Wright's T35 Turboprop Engine, et al.
by Doug Culy
Published 1 Sep 2020

Wright XT35-1 There is an era of aircraft engine development that has been largely ignored by historians — the work done by Wright Aeronautical Division of the Curtiss-Wright Corporation on large turboprop engines; and to a lesser extent, the work done by other manufacturers of large turboprop engines. In the 1930s and 1940s, thinking about turbine engines in the U.S. naturally went along the lines of propeller drive, since very few were aware of the potential of jet engines.

 

Once Whittle’s work was made known (Lockheed’s and Northrop’s work was kept very secret at that time) Wright began its own gas turbine research in 1942 without United States Army Air Forces (USAAF) support, since the USAAF forbade the big engine manufacturers from doing anything except direct support of wartime needs. Once WWII ended and the USAAF could focus on future engines, it embraced the Wright design, which would become the T35, as well as other turboprops. This story is drawn from materials held by the Air Force Historical Research Agency.

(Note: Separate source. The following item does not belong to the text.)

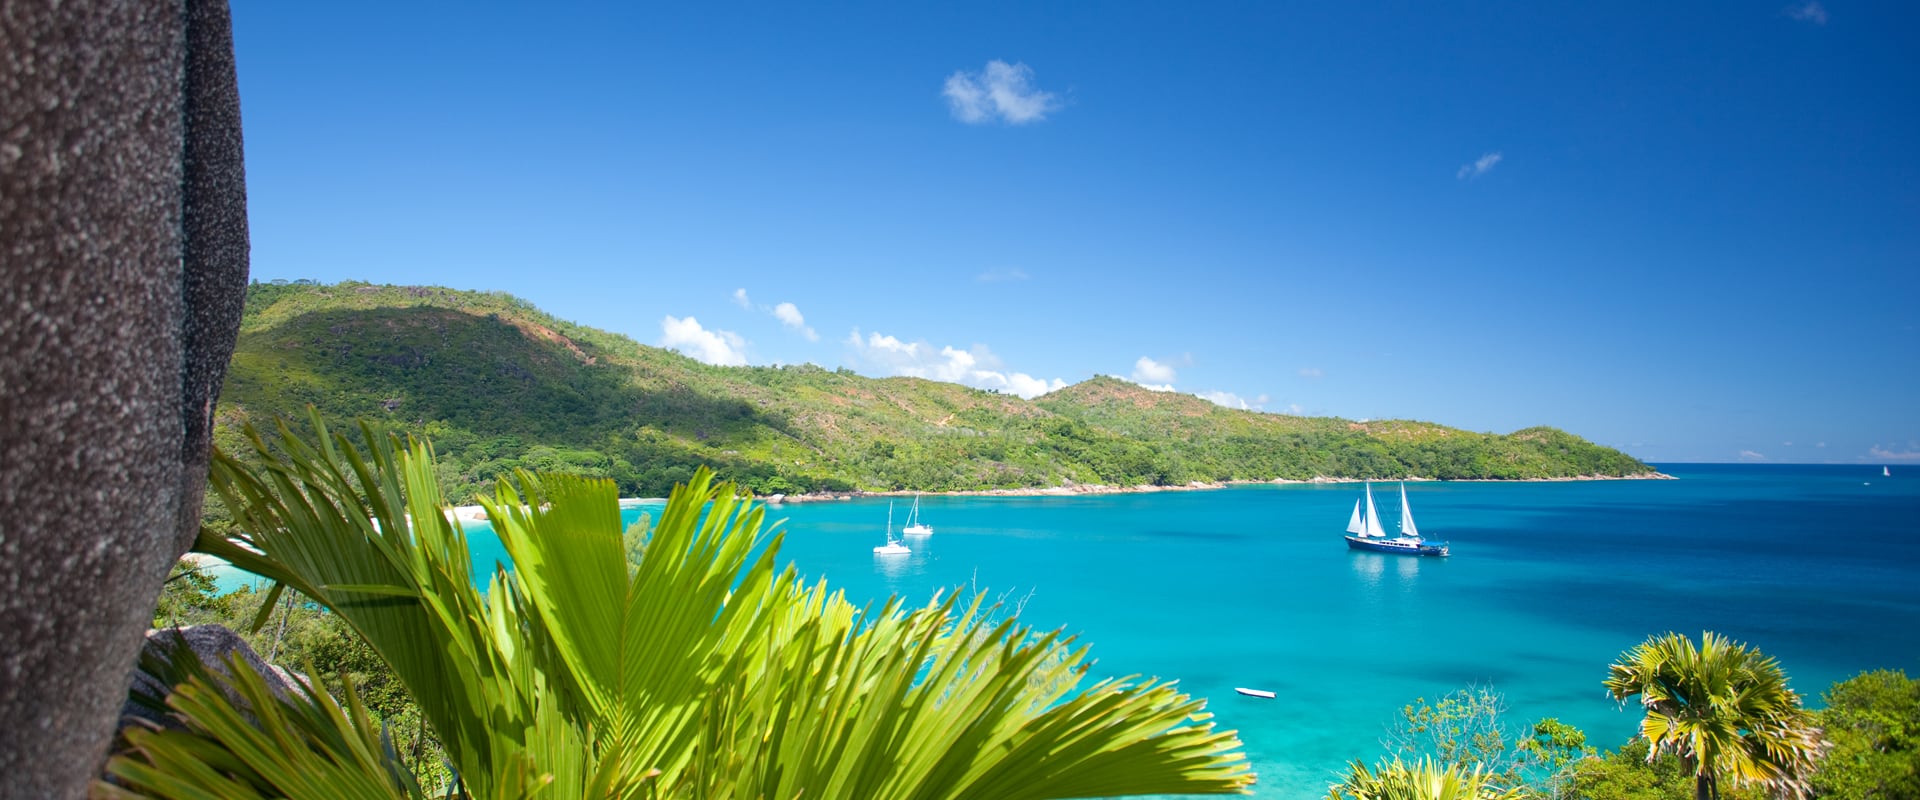 8 Small Ship Cruises in Seychelles - LiveAboard.com

Wright was highly qualified in centrifugal compressor design, having been building its own superchargers for several years. Wright was also familiar with turbine design from having a close look (probably reverse-engineering) General Electric’s turbochargers for some time too, and Wright was undertaking the design of the compounding turbines for the R-3350 Turbo-Compound at the same time as the T35 program. By the middle of 1944, Wright had the preliminary design of a 5,000-shp engine to show the USAAF. This size was chosen to be twice the power of Wright’s biggest engine of that time, the R-3350, and comfortably above that of the Pratt & Whitney R-4360. It had two centrifugal compressors on a single shaft driven by two axial turbines also on that same shaft. The USAAF gave Wright a development contract November 22, 1944 (W33-038ac-6247), when the Northrop B-35 and Convair B-36 were the only really-big bombers under contract with range requirements that could only be met by propeller-driving engines. The Wright T35 and Northrop T37 were considered follow-ons for these bombers, which originally used the R-4360.

 

The T35 was a big engine, with a diameter of 59 inches, versus about 42 inches for the T37, and 55 inches for the R-4360. The two centrifugal compressors conferred massive weight to the T35, 4,450 lb for the complete engine, versus less than 4,000 lb for most R-4360s, and 2,550 lb for the T34 (which had the same power goal as the initial T35. The original weight goal for the T35 was 3,800 lb, so Wright probably spent some time trying to reduce weight, although this was not mentioned in the archived USAF and Wright memos and letters. The growth version of the T37 is said by Paul H. Wilkinson, a not very authoritative source, to have weighed over 7,000 lb.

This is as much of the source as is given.